═══ INPUT DATA ═══

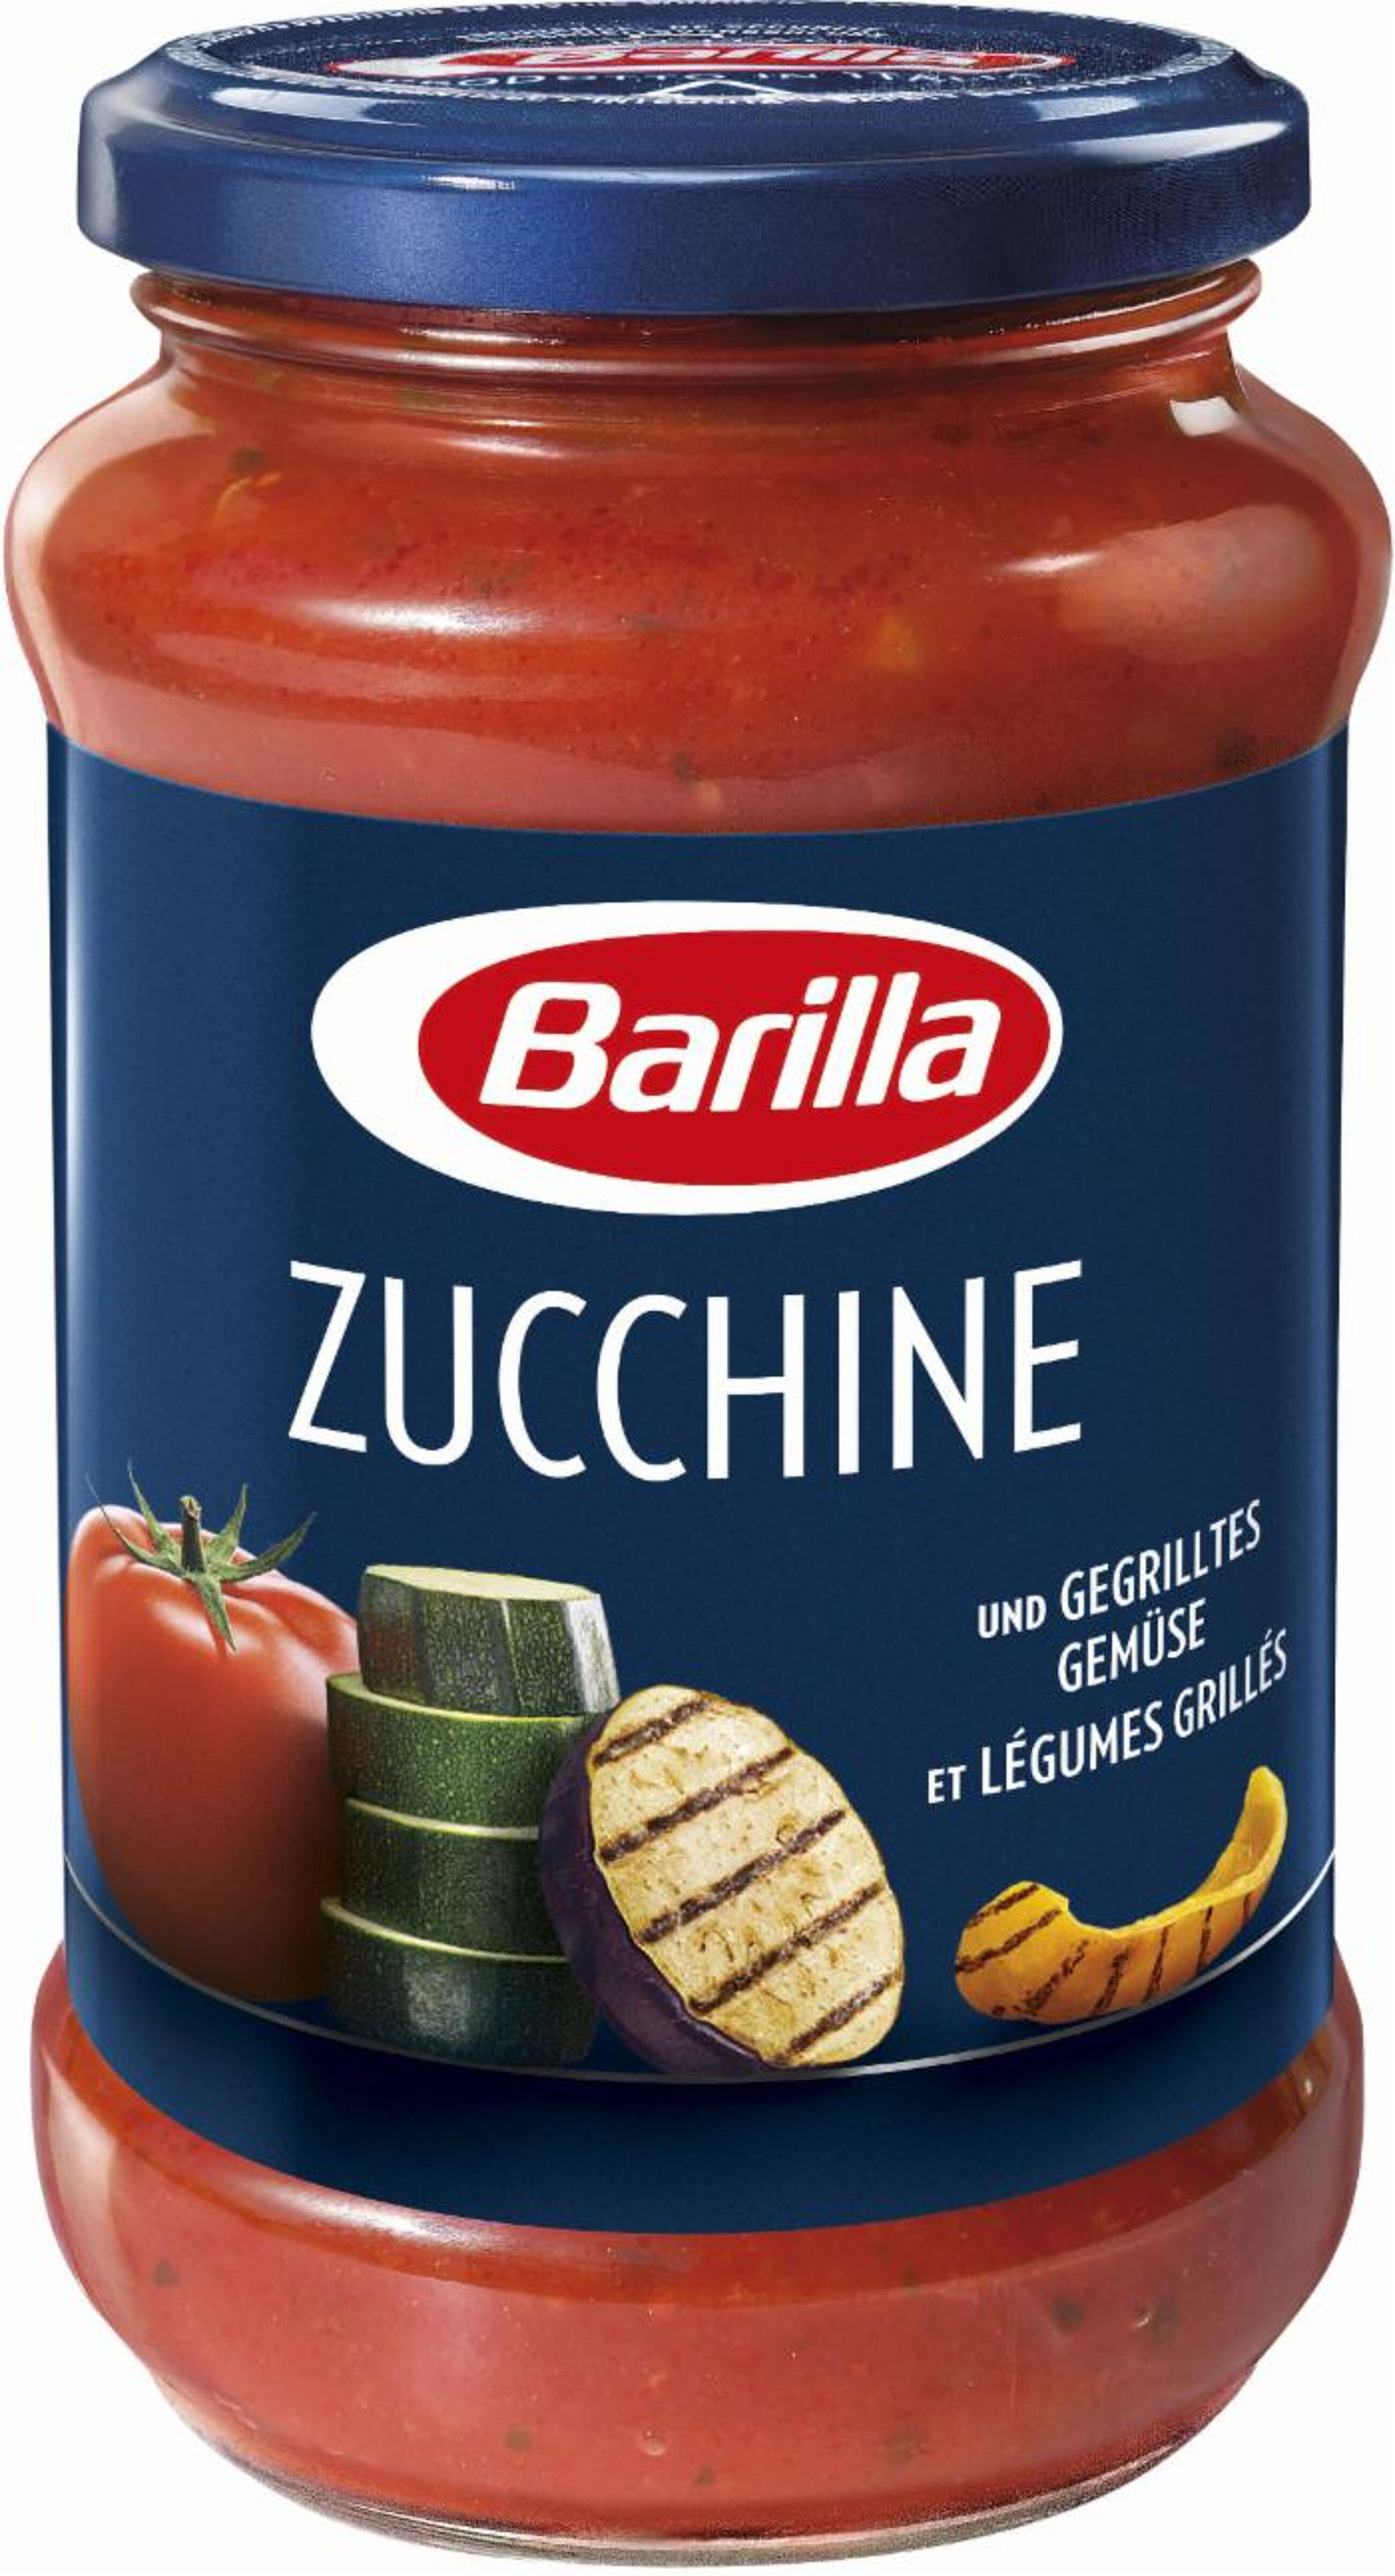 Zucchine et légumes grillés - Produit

═══
═══ INPUT DATA ═══

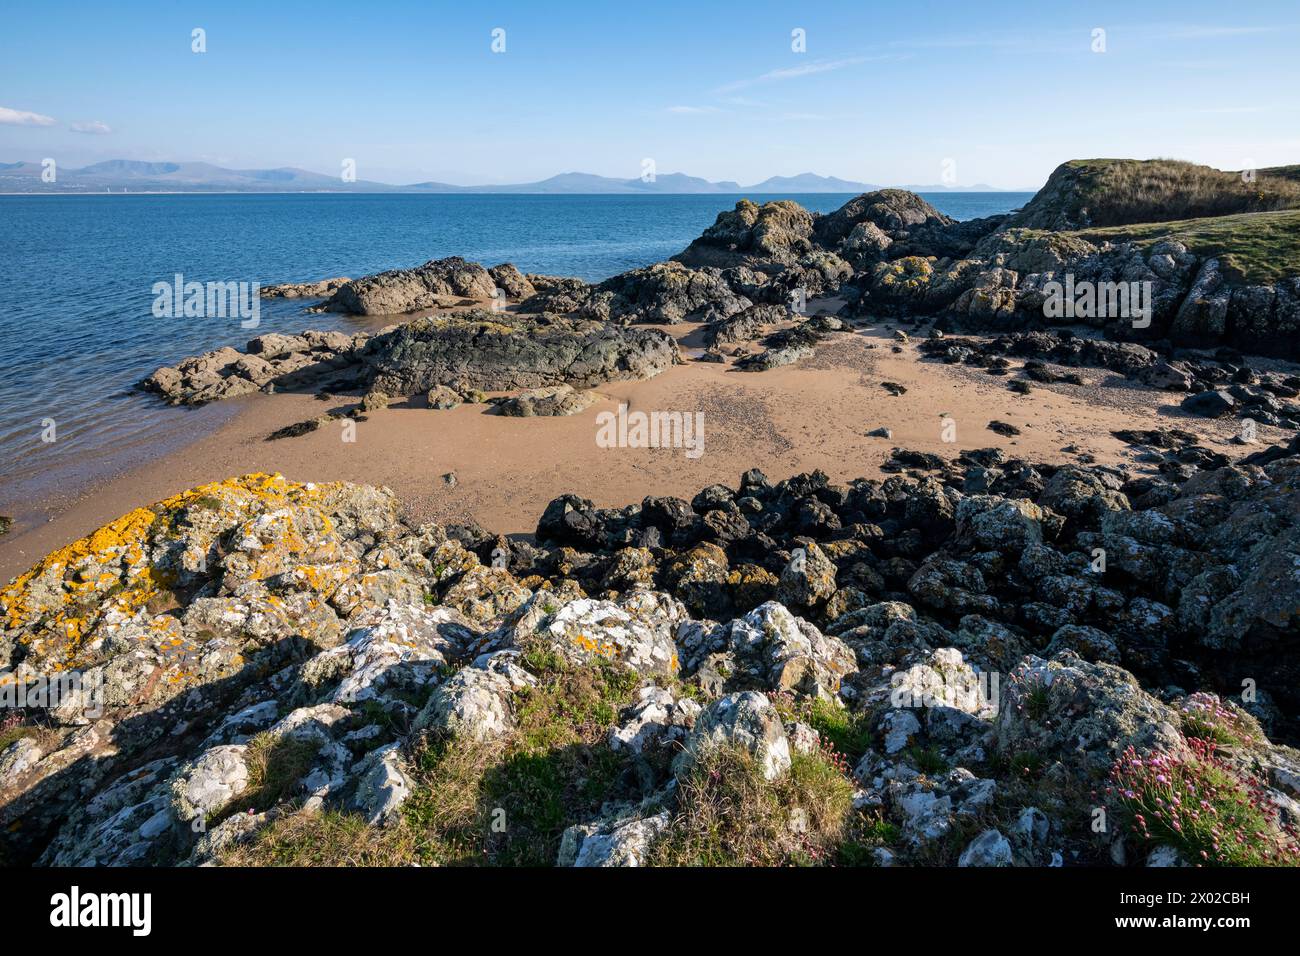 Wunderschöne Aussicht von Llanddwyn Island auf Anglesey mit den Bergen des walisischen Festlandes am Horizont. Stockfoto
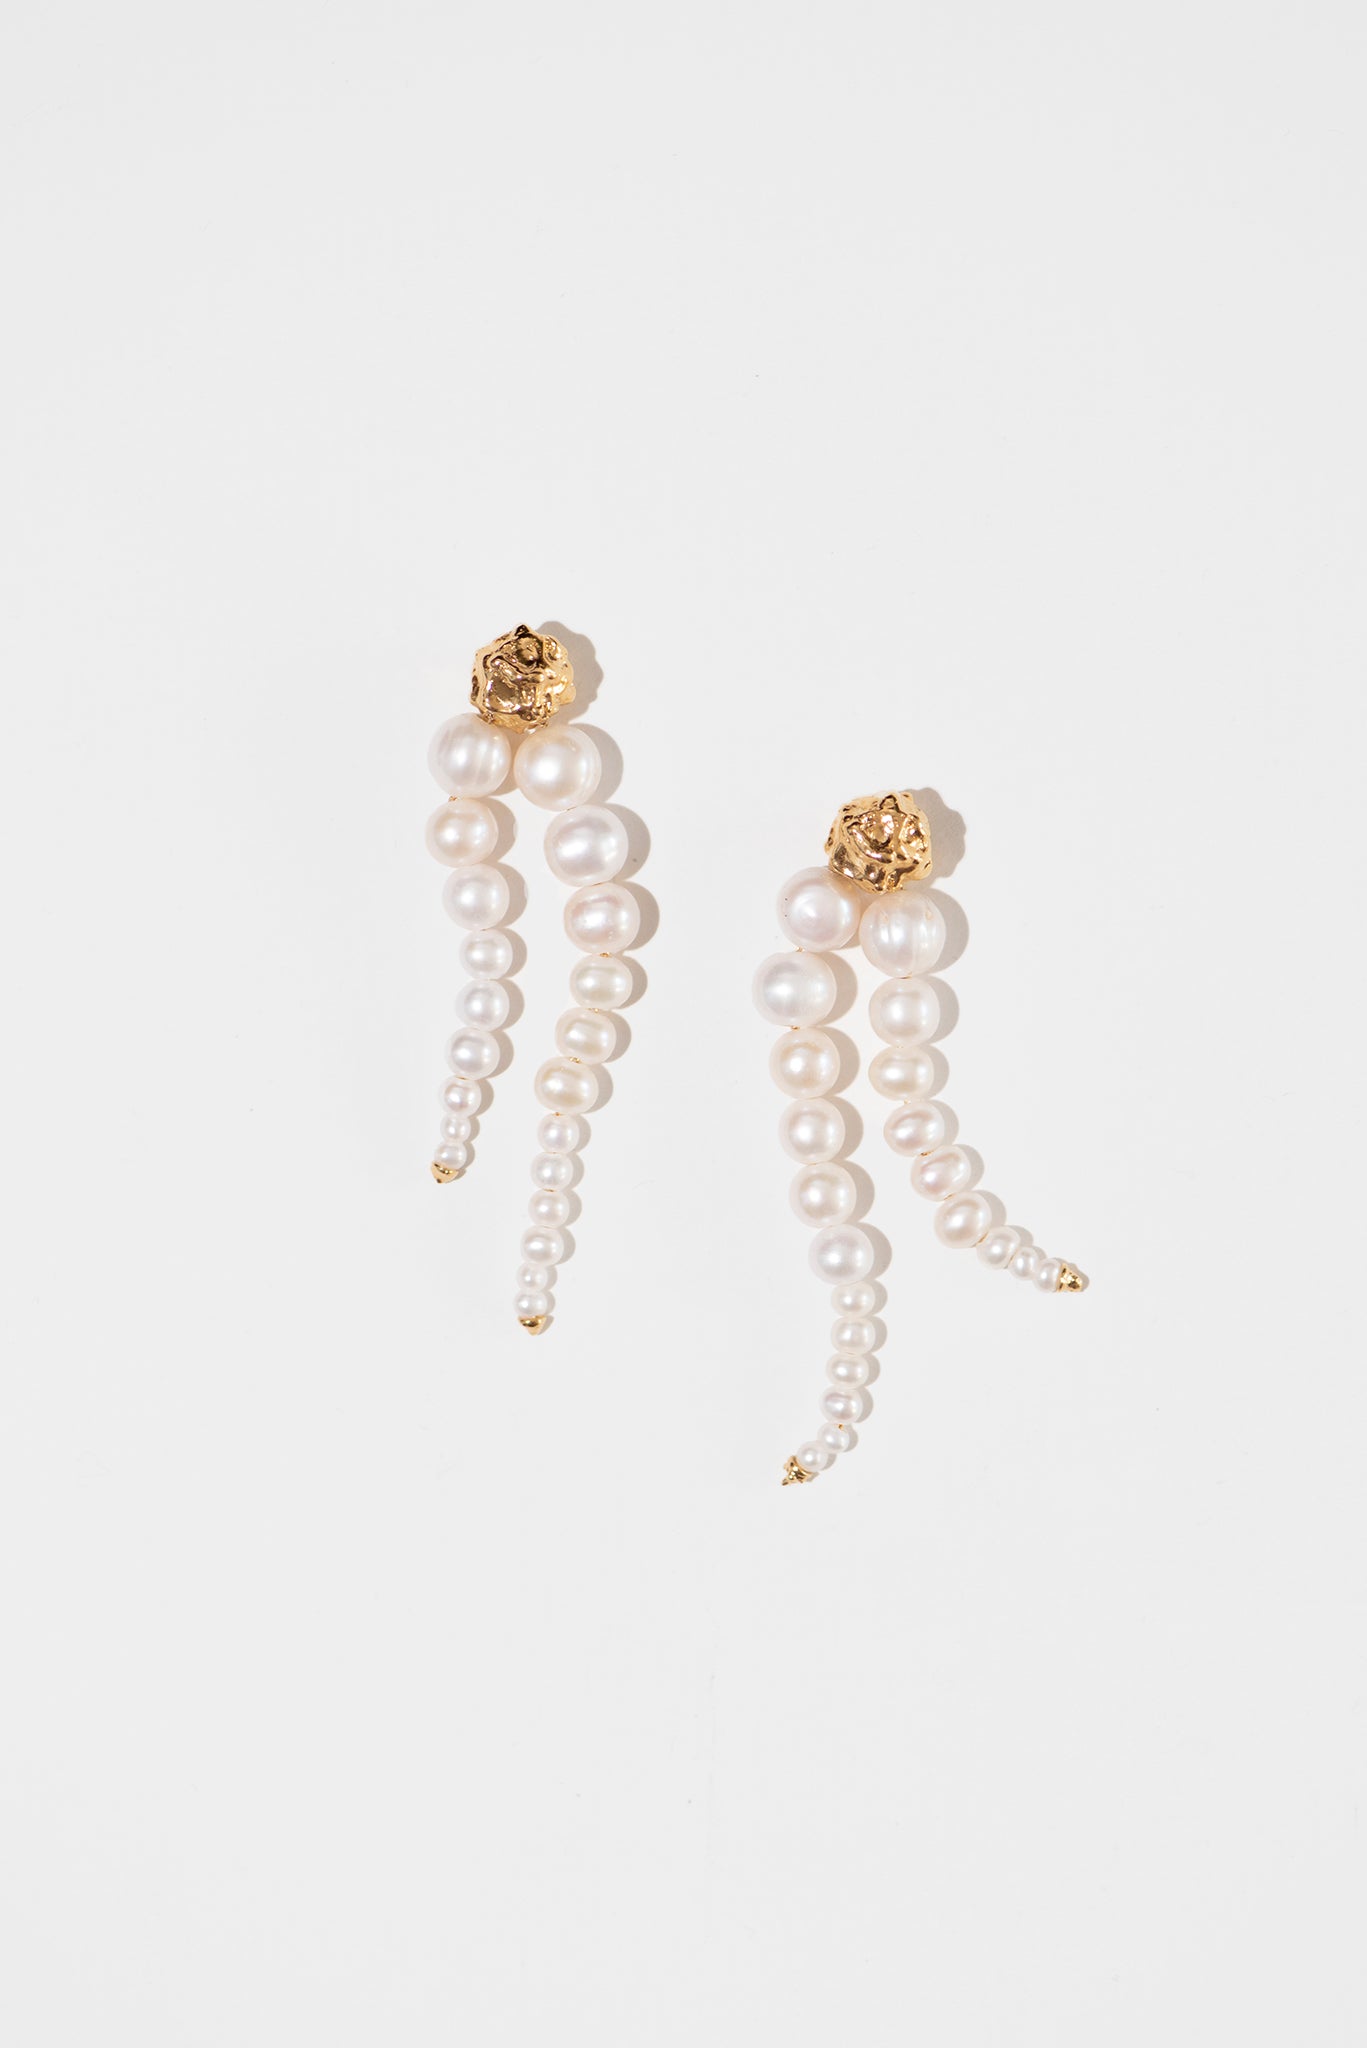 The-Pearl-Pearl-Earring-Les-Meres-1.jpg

═══
═══ INPUT DATA ═══

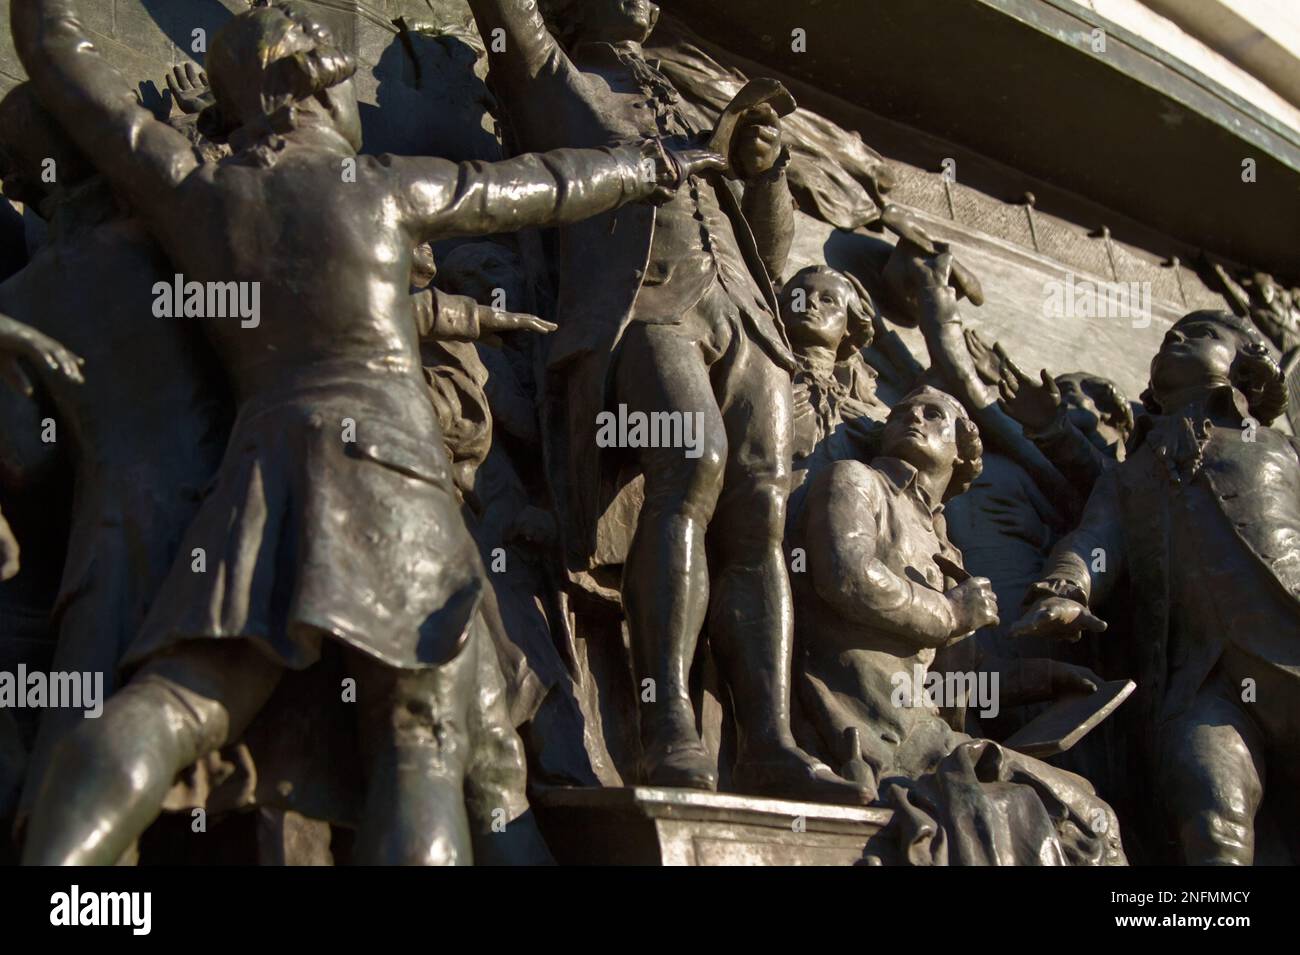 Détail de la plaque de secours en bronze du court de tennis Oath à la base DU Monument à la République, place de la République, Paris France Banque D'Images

═══

■ **REQUIRED ACTION**: Restate the lines above from the one containing "Wunderschöne Aussicht von" through the one containing "The-Pearl-Pearl-Earring-Les-Meres-1.jpg", inclusive, exactly and without pictures.

■ **SOLUTION TO THIS TASK**:
 Wunderschöne Aussicht von Llanddwyn Island auf Anglesey mit den Bergen des walisischen Festlandes am Horizont. Stockfoto
 The-Pearl-Pearl-Earring-Les-Meres-1.jpg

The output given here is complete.